# Anyone tried "Nom Du Plume"



## PutRid (15/9/15)

So has any one tried "Nom Du Plume" yet, loving the labels and appearance. 
Descriptions sound lekker, would be keen to see people's thoughts.


----------



## BumbleBee (15/9/15)

They're frikken awesome! I have #3 and #4 and they're as good if not better than the descriptions. I was nervous about #4 because blueberry gets overpowering very quickly but in this one it's quite subtle, it noticeable but not in your face. If you're not a fan of Bavarian cream then avoid #3, it's very prominent but blends very well with the cinnamon biscuit.

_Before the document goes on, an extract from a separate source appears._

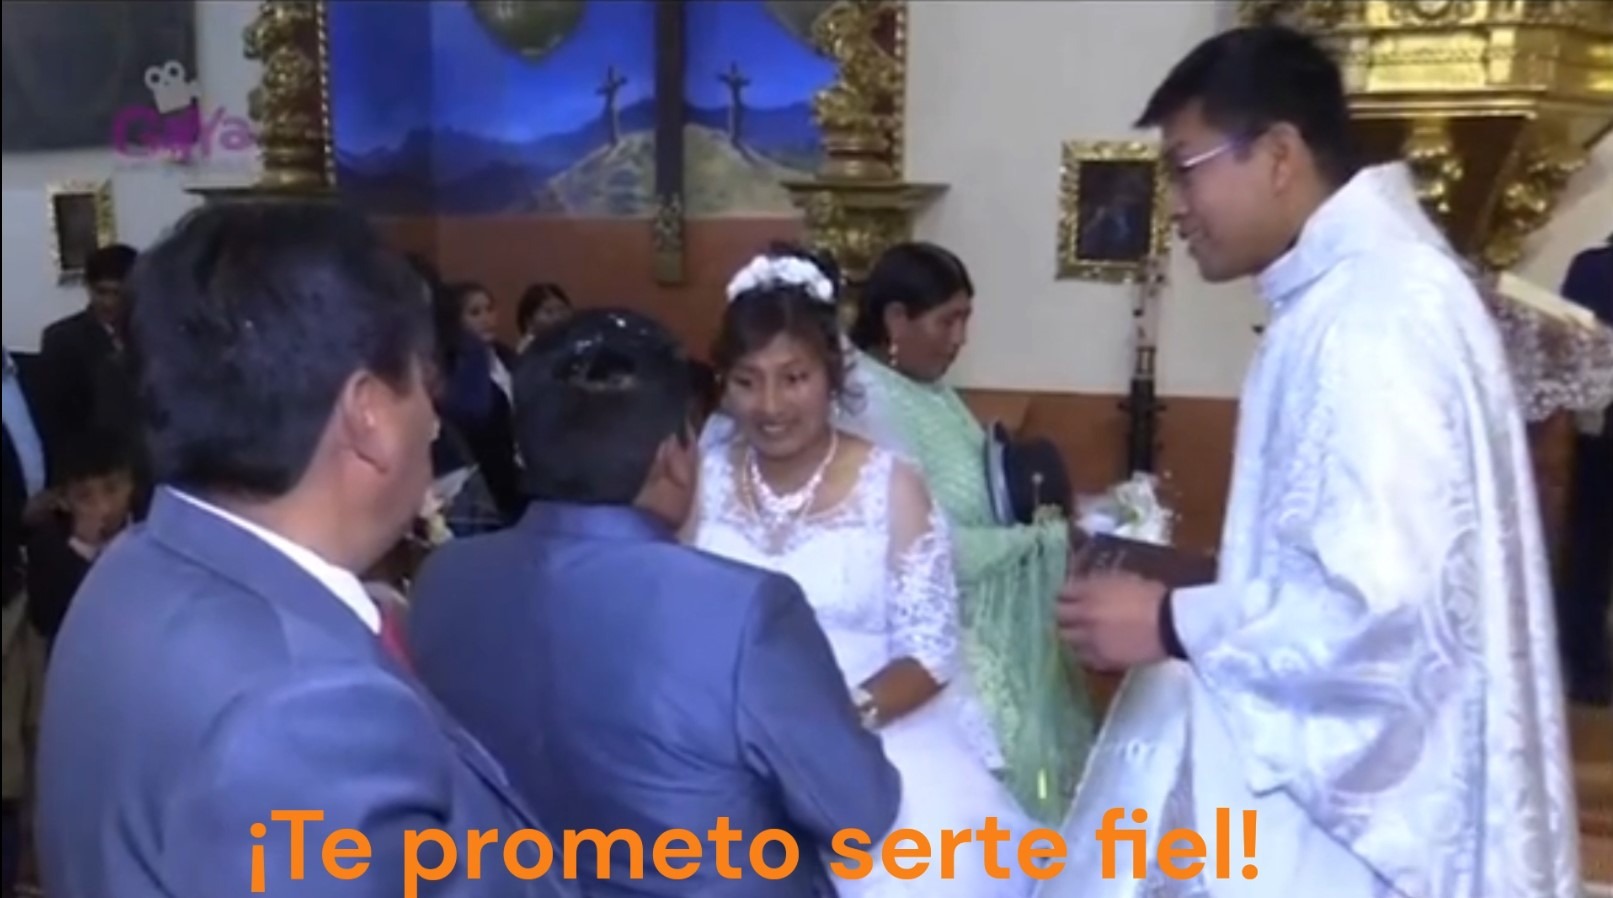 El sacerdote perdió la paciencia ante la mirada de la novia/ Foto: Captura viral de Tik Tok

I tried #2 at the vapemeet and it was absolutely amazing, the aftertaste on this simply won't let you put your mod down for too long.

@PutRid just get some man

Reactions: Informative 1


----------



## Noddy (15/9/15)

no4 on the way....

Reactions: Like 1


----------



## PutRid (15/9/15)

Good stuff, heard only good things. Might have to give it a try. Love my deserts


----------



## ZK1 (16/9/15)

I'm on #2 now, and it's nice, but with me loving menthols, I seem to disappoint myself as the dessert type of juices make me get gatvol of them very quickly.....but I think this is the best dessert type of juice that I have tried. So I'm sure you will love it.


----------



## Cave Johnson (16/9/15)

I believe @skola got some. Also keen to hear some reviews

Reactions: Informative 1


----------



## BumbleBee (18/9/15)

I've just recieved my #2, loaded up the Billow v2 straight away. Pure bliss in a bottle, this one is amazing.

Reactions: Agree 1


----------